An SQL-error is raised when updating a queryset which includes an annotation created using a subquery, which in turn also uses an annotation.

class Recursive(models.Model):
    name = models.CharField(max_length=10)
    link = models.IntegerField()
    parent = models.ForeignKey('self', models.CASCADE, null=True)

from django.db.models import OuterRef, Subquery, F

rec1 = Recursive.objects.create(name="r1", link=1)
rec2 = Recursive.objects.create(name="r2", link=1)
rec3 = Recursive.objects.create(name="r11", parent=rec1, link=2)

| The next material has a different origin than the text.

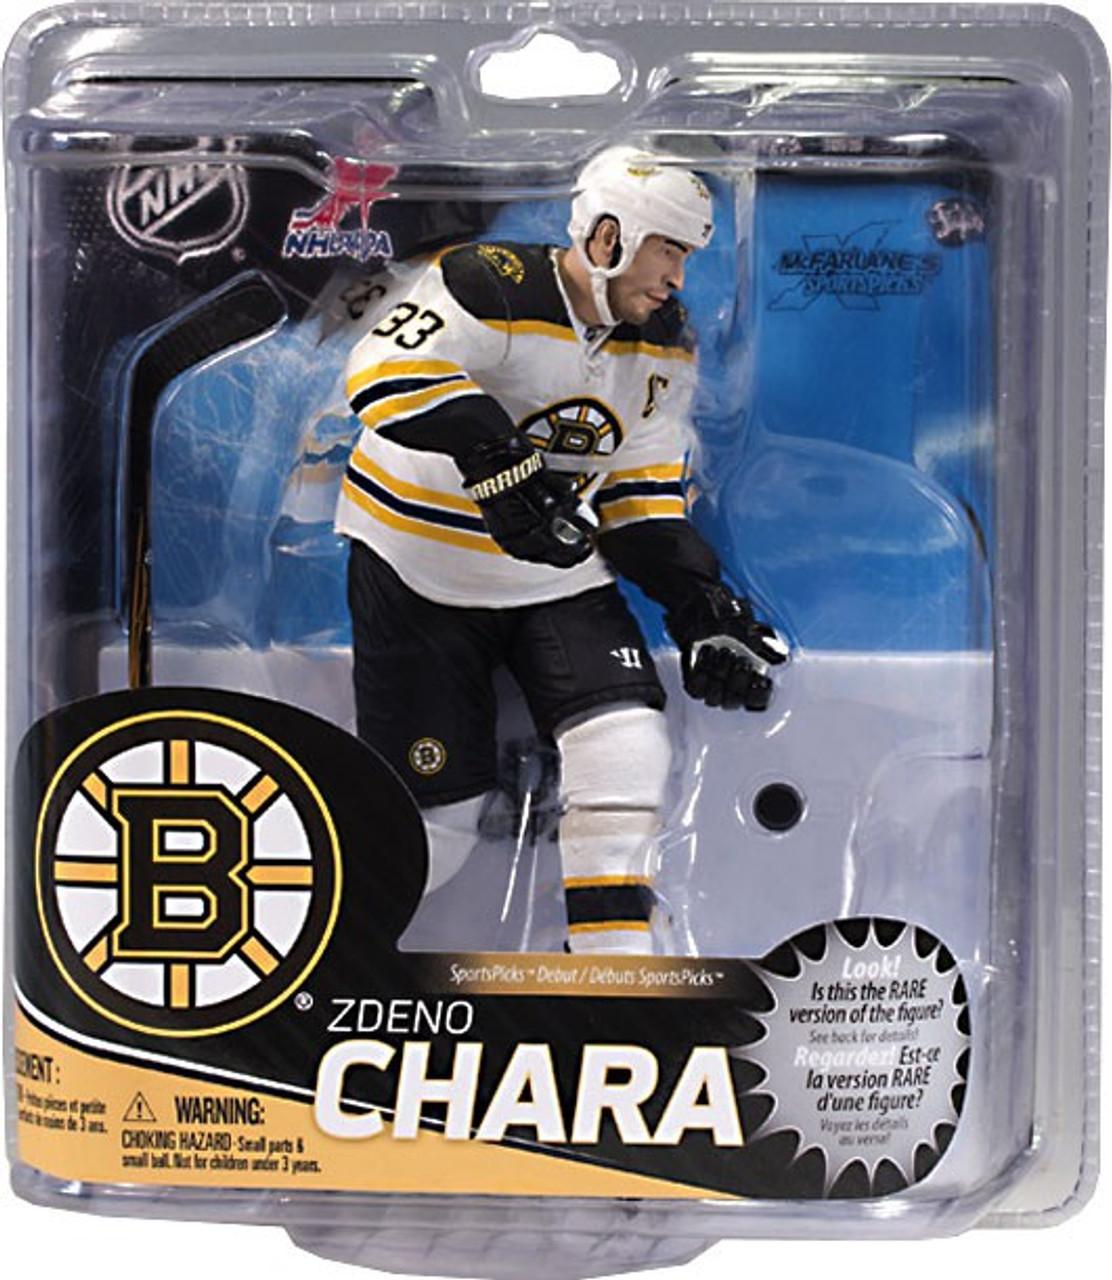 buy popular 548e8 751c9 McFarlane Toys NHL Boston Bruins Sports Picks Series 31 Zdeno Chara Action  Figure [White Jersey]

latest_parent = Recursive.objects.filter(link=OuterRef('parent_link')).order_by('id')

Recursive.objects.filter(parent__isnull=False) \
        .annotate(parent_link=F('parent__link')) \
        .annotate(p=Subquery(latest_parent.values('pk')[:1])) \
        .update(parent_id=F('p'))
Traceback (most recent call last):
  File "tests.py", line 88, in test_update_annotated_using_related_queryset
    .update(parent_id=F('p'))
  File "/git/django/django/db/models/query.py", line 647, in update
    rows = query.get_compiler(self.db).execute_sql(CURSOR)
  File "/git/django/django/db/models/sql/compiler.py", line 1204, in execute_sql
    cursor = super(SQLUpdateCompiler, self).execute_sql(result_type)
  File "/git/django/django/db/models/sql/compiler.py", line 899, in execute_sql
    raise original_exception
OperationalError: no such column: T2.link

I've tried this in SQLite and MySQL in Django 1.11.11 and Django 2.0 using Python 3.6.0. All raising similar errors.

Attachments (1)

ticket29214.diff (1.5 KB) - added by Chetan Khanna 5 months ago.
Test file

Download all attachments as: .zip

Change History (18)

comment:1 Changed 2 years ago by Tim Graham

Description: modified (diff)
Summary: SQL-error when updating after annotating using subqueryInvalid SQL when updating after annotating using subquery
Triage Stage: UnreviewedAccepted

comment:2 Changed 2 years ago by Carlton Gibson

Related: #29542

comment:3 Changed 2 years ago by felixxm

Cc: felixxm added

comment:4 Changed 2 years ago by Oskar Persson

Just tried this with the fix for #29542 and the problem remains.

comment:5 Changed 20 months ago by Simon Charette

Summary: Invalid SQL when updating after annotating using subqueryInvalid SQL generated when annotating a subquery with an outerref to an annotated field.

#30009 was a duplicate that wasn't relying on update().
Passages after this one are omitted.